The ball can be touched with any part of the player's body, with open or closed hands. The pool's inside borders are neutral, meaning the ball is normally in play after touching them, points are scored when the ball hits the water in the opponents' side or the opponent team commits a fault. As in volleyball, each team can contact the ball no more than three times before the ball crosses the net, while consecutive contacts must be made by different players - except for contacts while blocking, which are not counted. Players also cannot touch the net or they commit a fault and a point is awarded to the opponent team. Unique to the sport is that there is no penetration under and over the net - it is even allowed to block a set being executed in the opponents' side -, the possibility of blocking serves and how there is no lifting (carrying) faults during spikes.

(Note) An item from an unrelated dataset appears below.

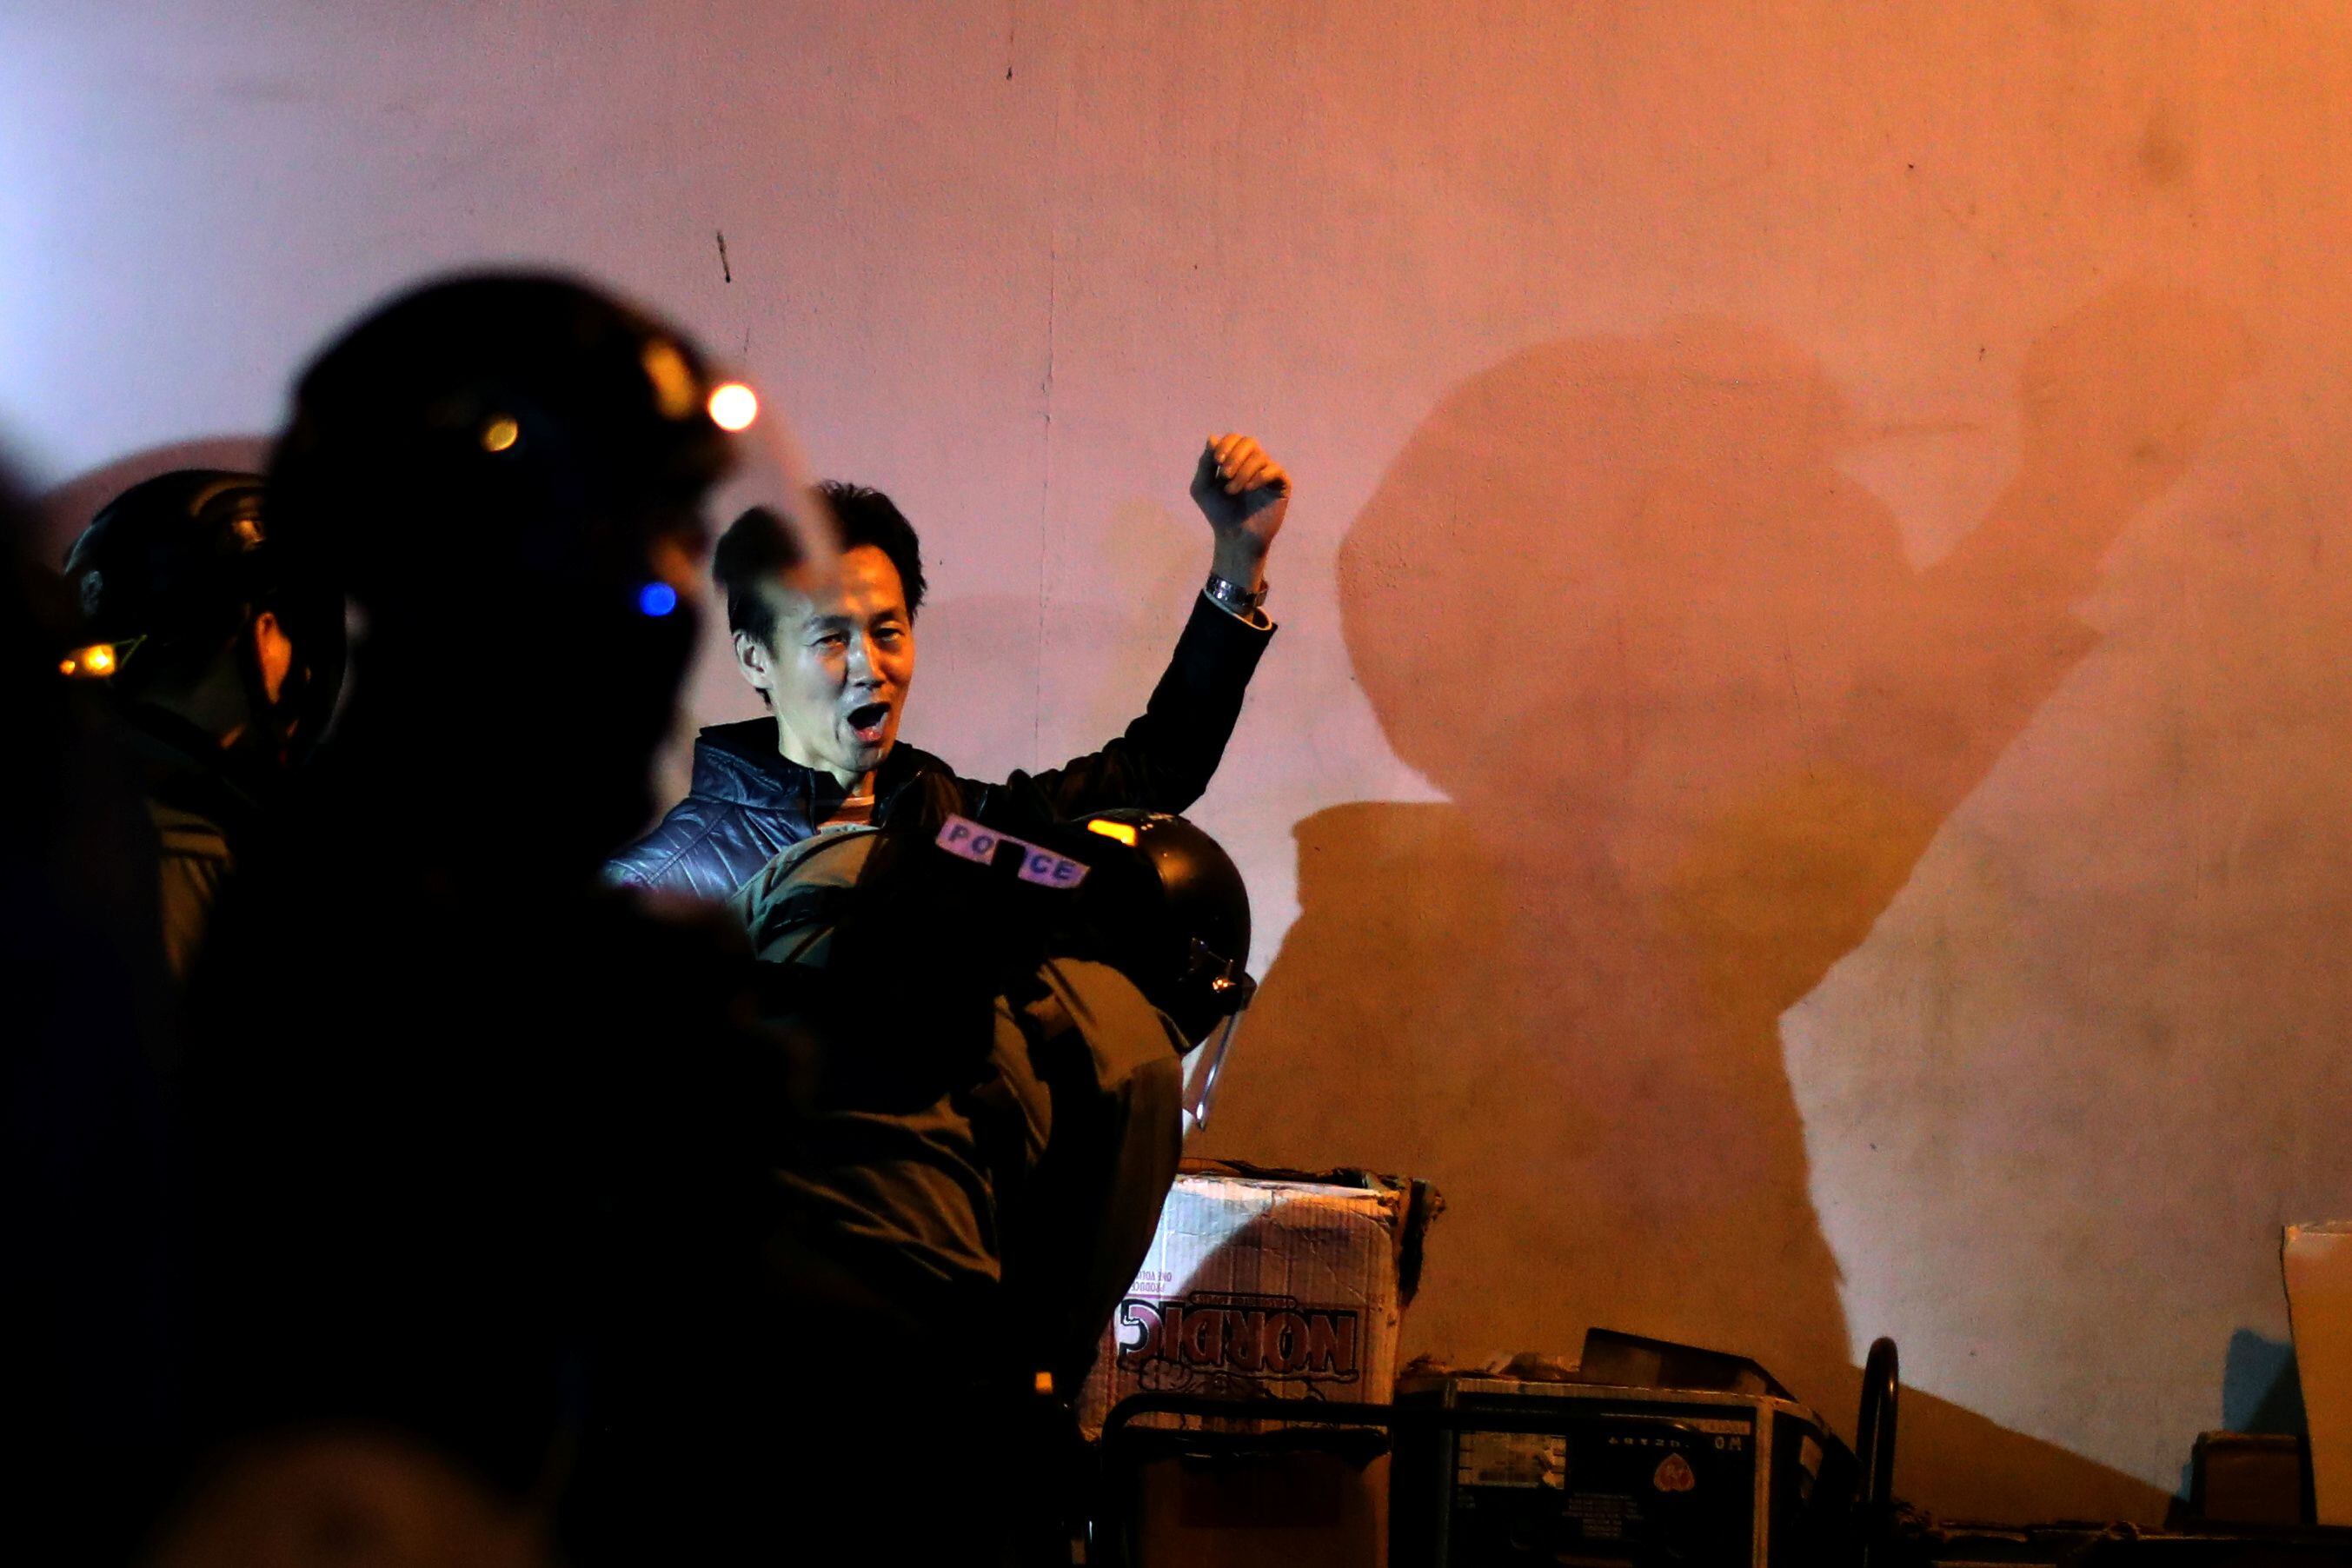 Un manifestante de Hong Kong grita mientras es detenido en una manifestación en apoyo de los derechos humanos de los uigures de Xinjiang en Hong Kong, China, el 22 de diciembre de 2019 (REUTERS/Lucy Nicholson)

With its fast moving accurate ball and 'closed quarters' action, Biribol is a competitive sport and enjoys a greater than water volleyball in southern Brazil. There is currently a Brazilian National League with teams from São Paulo, Minas Gerais, Mato Grosso do Sul, Goias and Paraná. There are many stages held in different cities of the country, and the Brazilian champion is known in the end of the year, after computing all points of the season. The sport has been reckoned officially in São Paulo.